• What needs to be done
Return the whole listing unchanged. Drop the images.

• Provided data
-=-=-

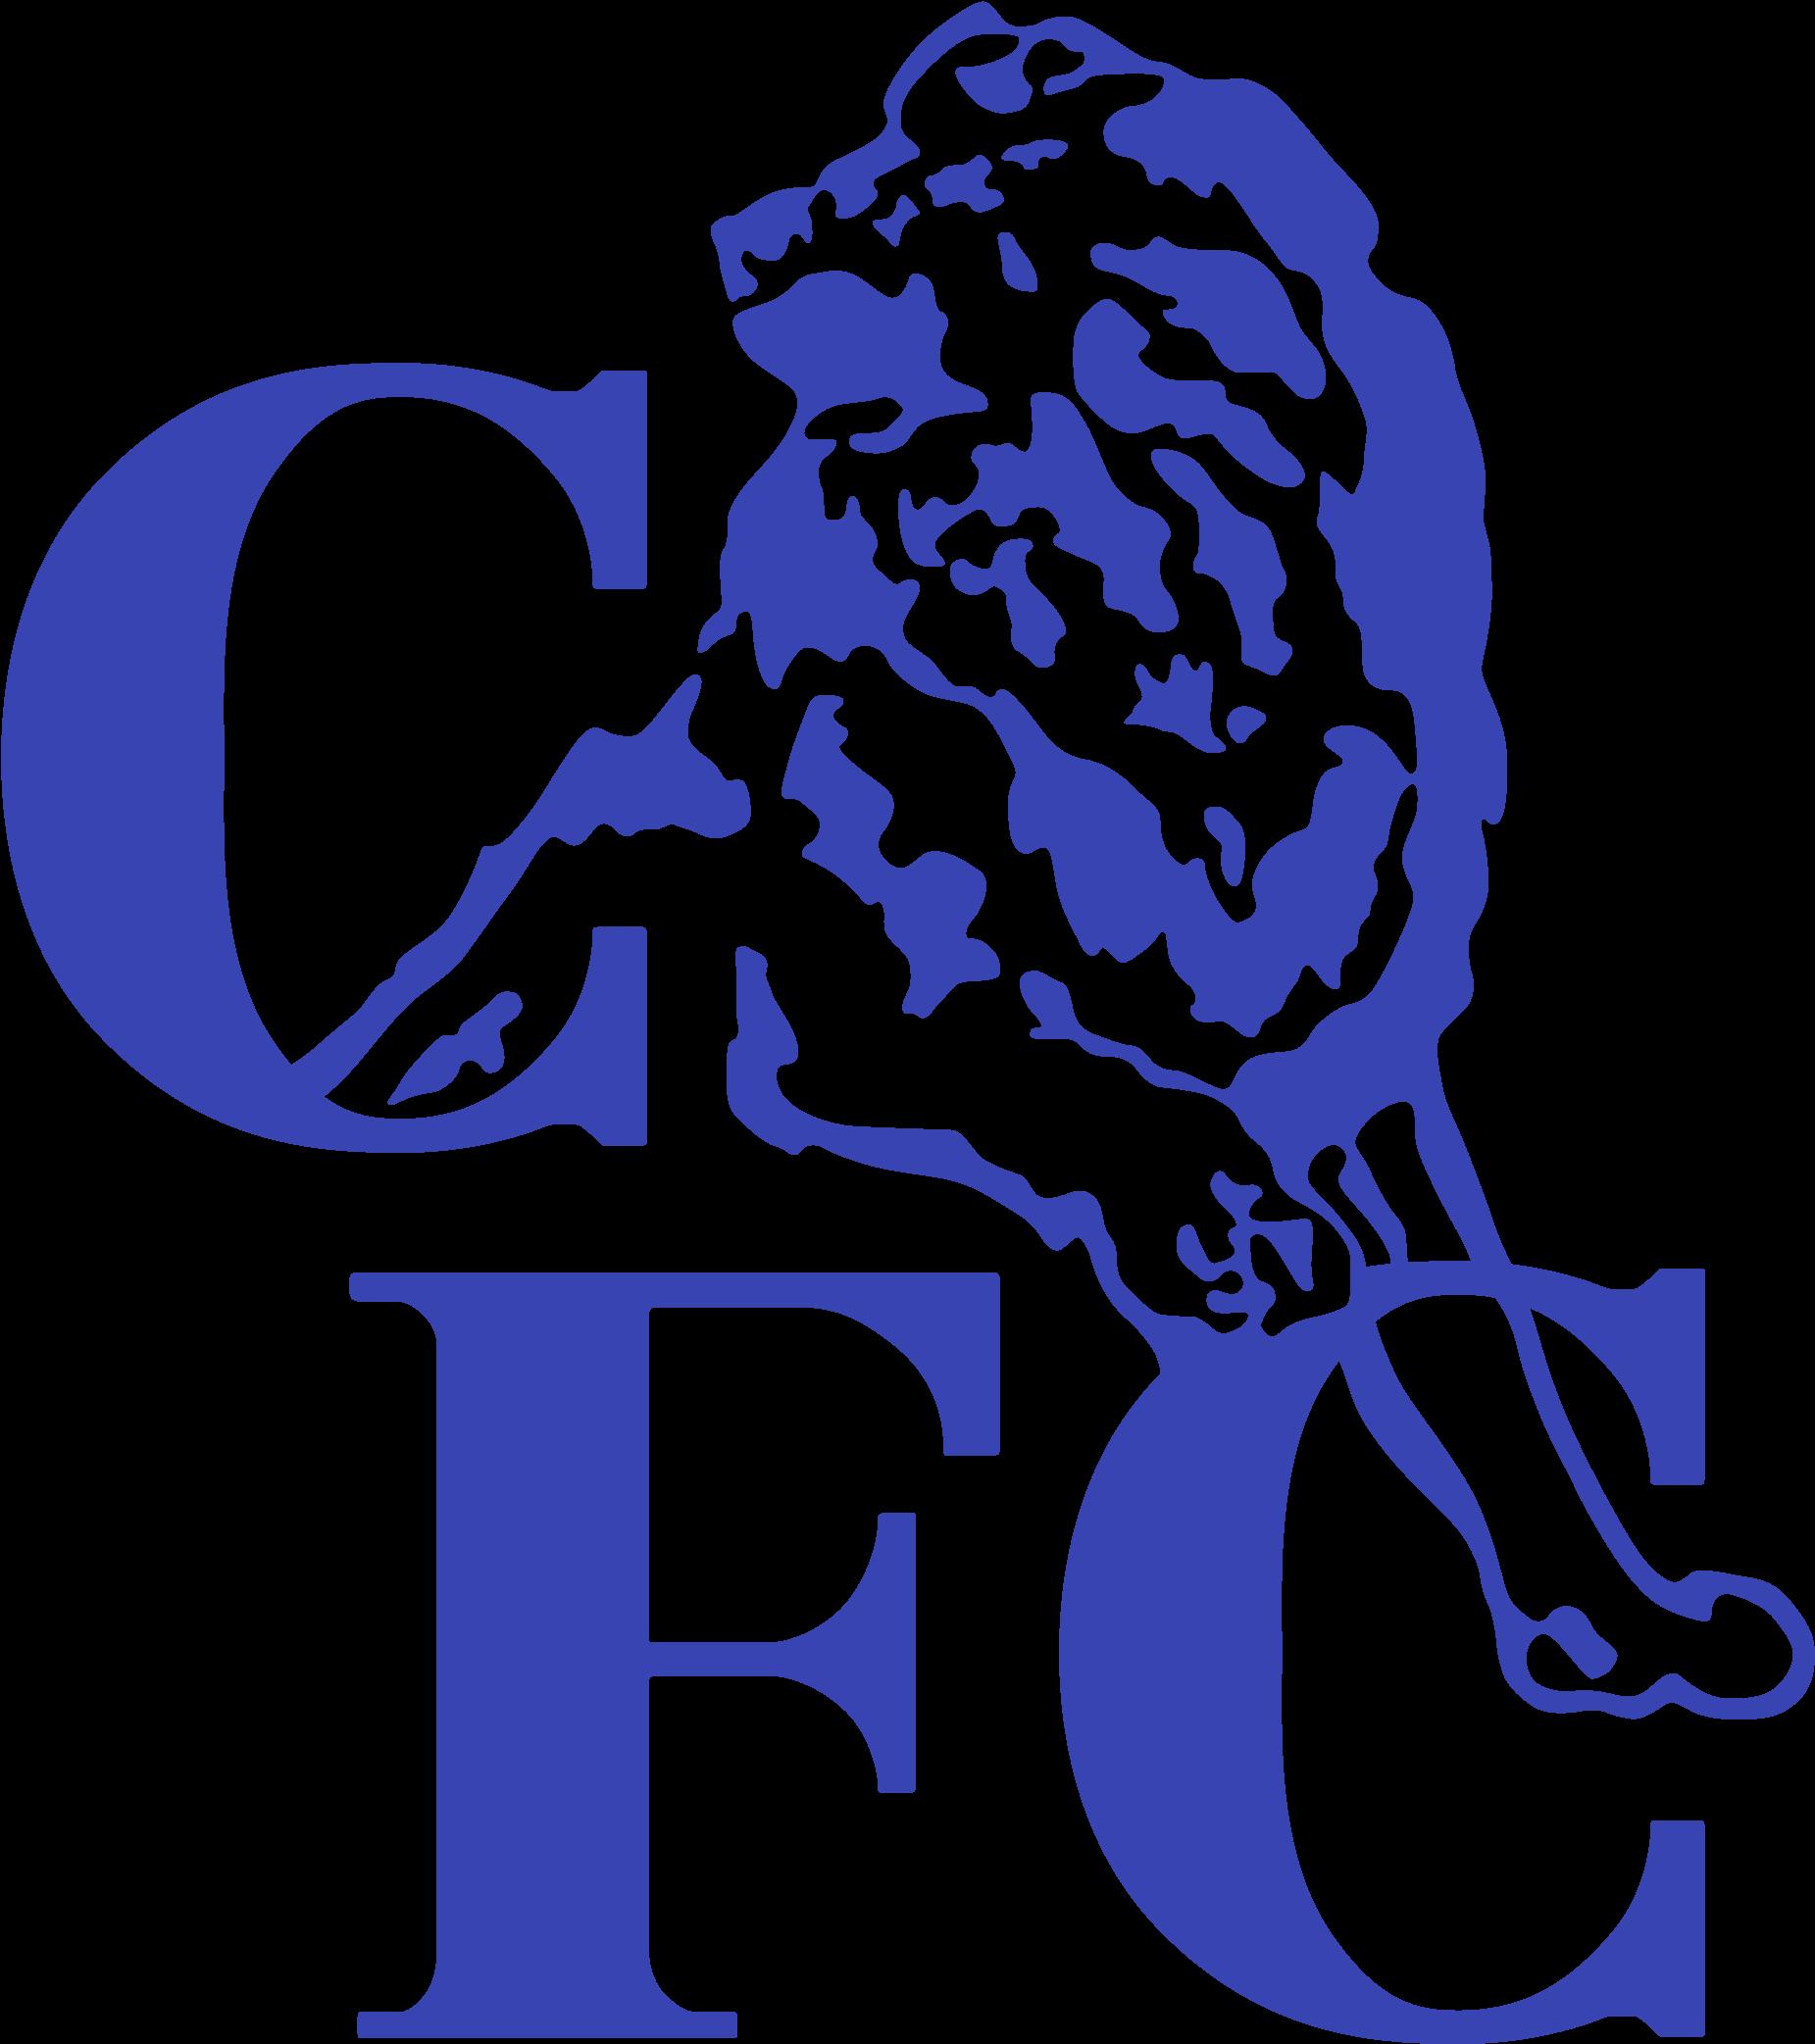 HD Chelsea Logo Png Transparent PNG Image Download.
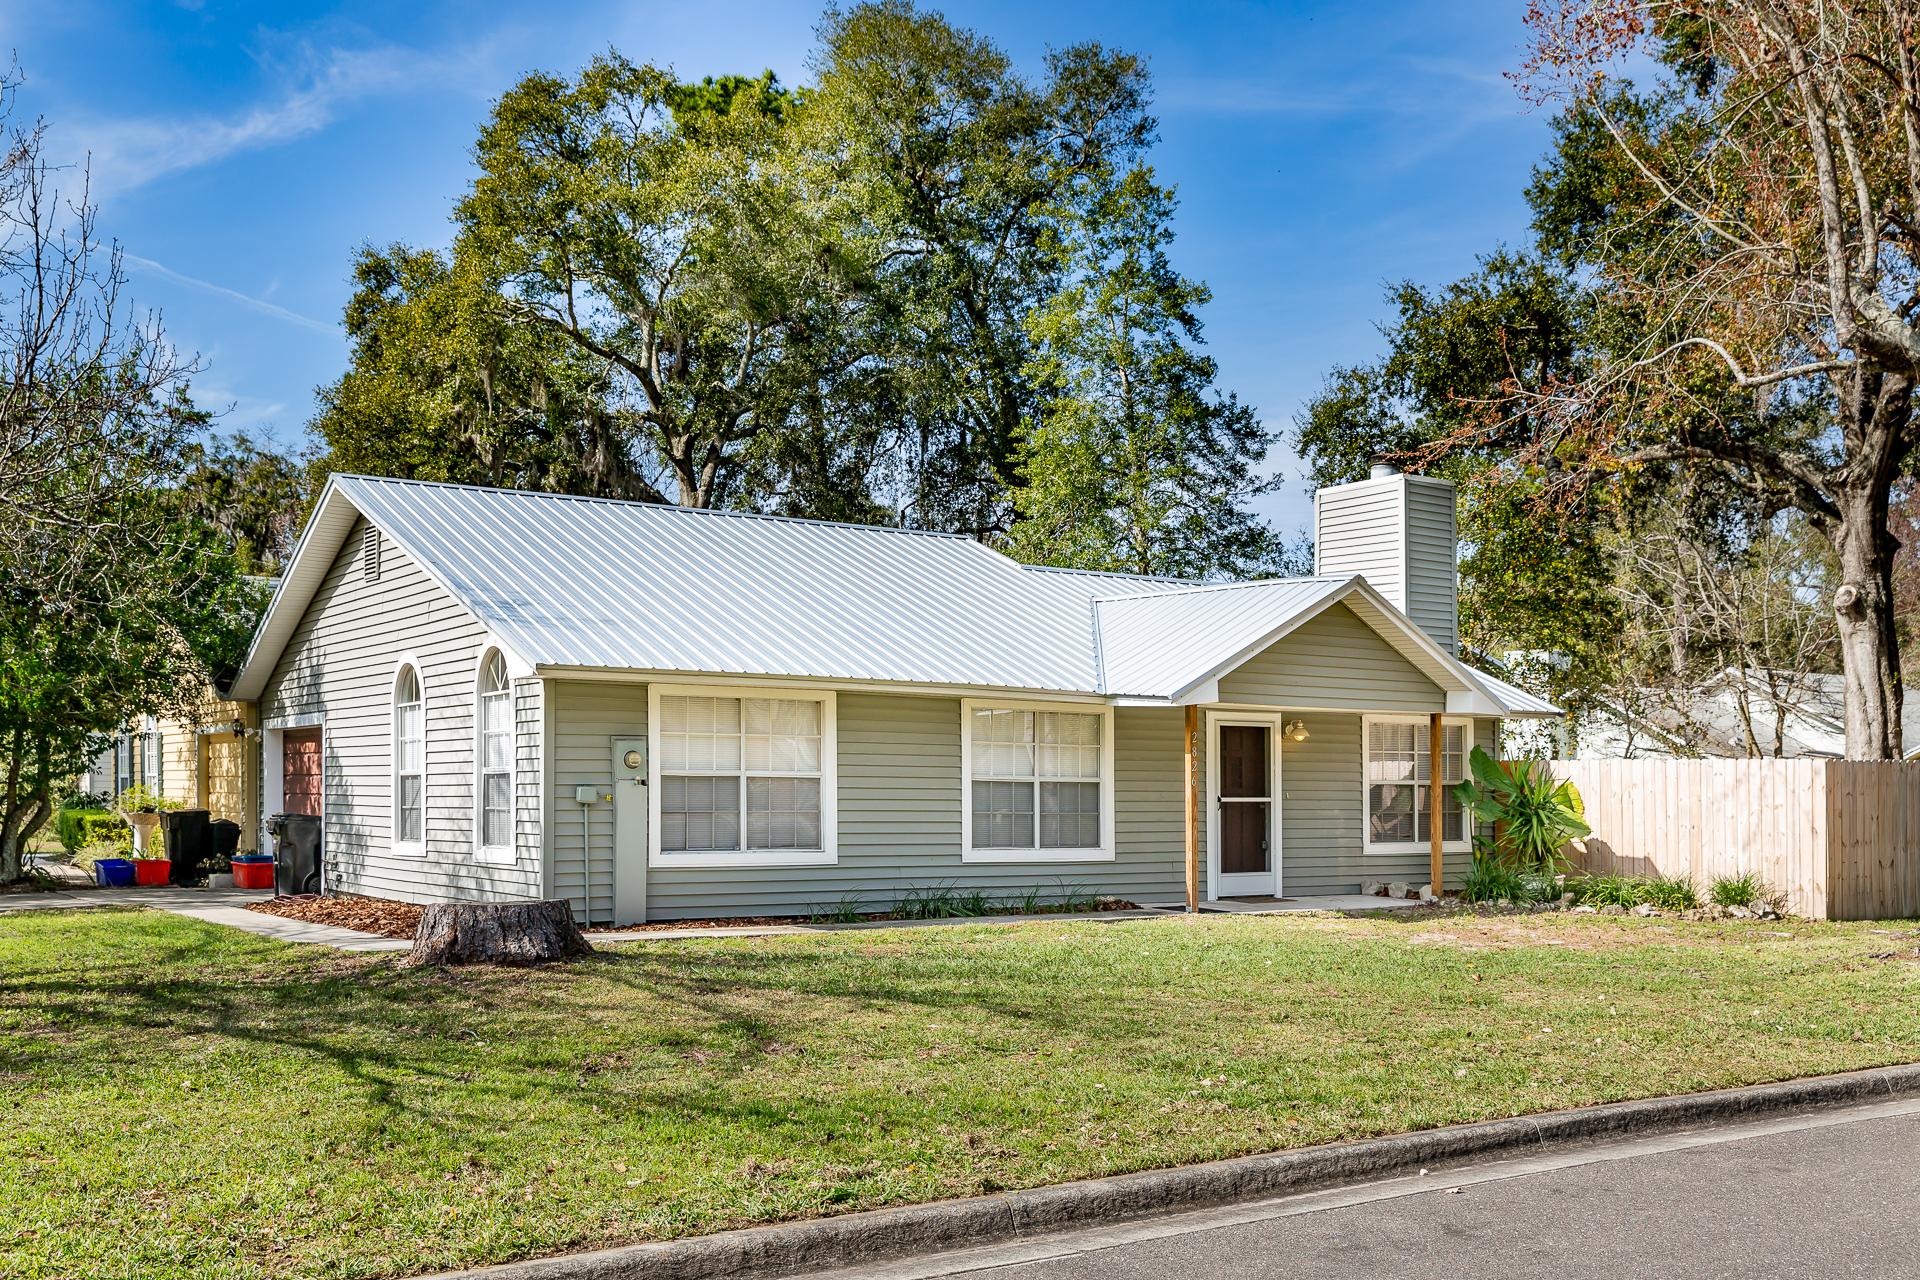 2826 SW 39th Avenue, Gainesville Florida 32608 - Rental home in Gainesville
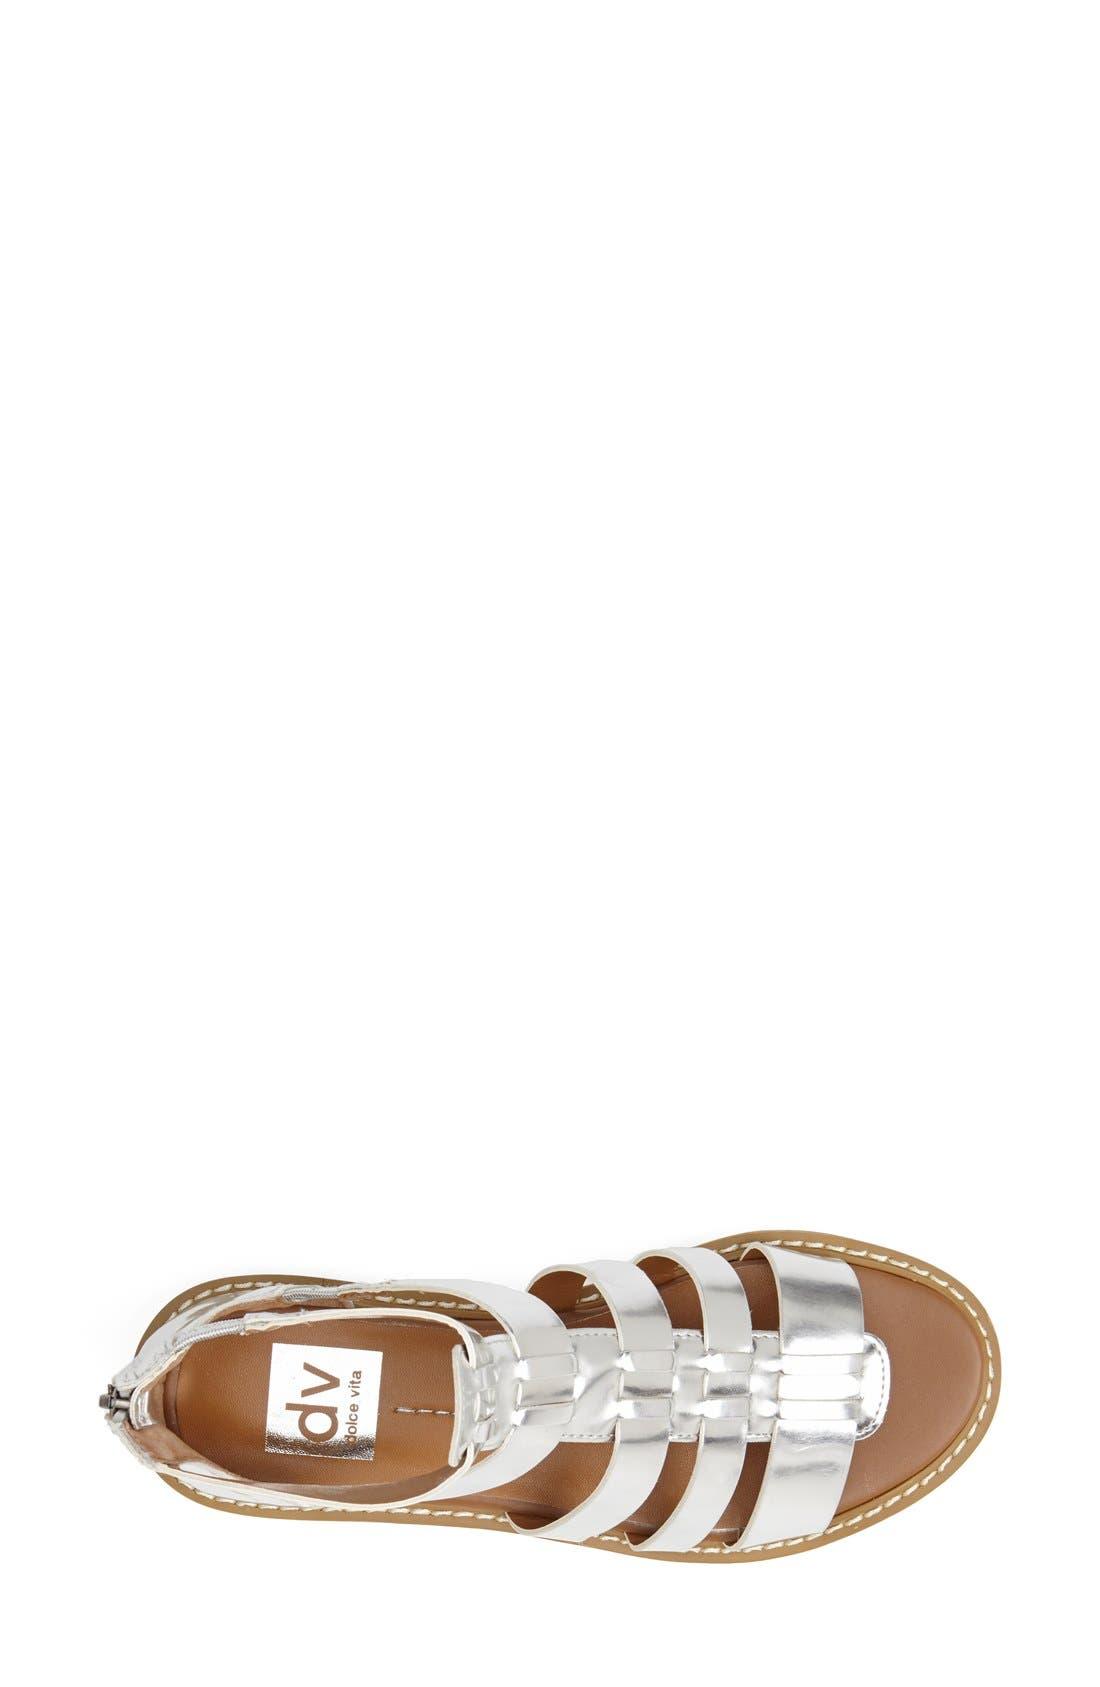 Alternate Image 3  - DV by Dolce Vita 'Zippy' Platform Sandal (Women)

-=-=-

• Task response
 HD Chelsea Logo Png Transparent PNG Image Download.
 2826 SW 39th Avenue, Gainesville Florida 32608 - Rental home in Gainesville
 Alternate Image 3  - DV by Dolce Vita 'Zippy' Platform Sandal (Women)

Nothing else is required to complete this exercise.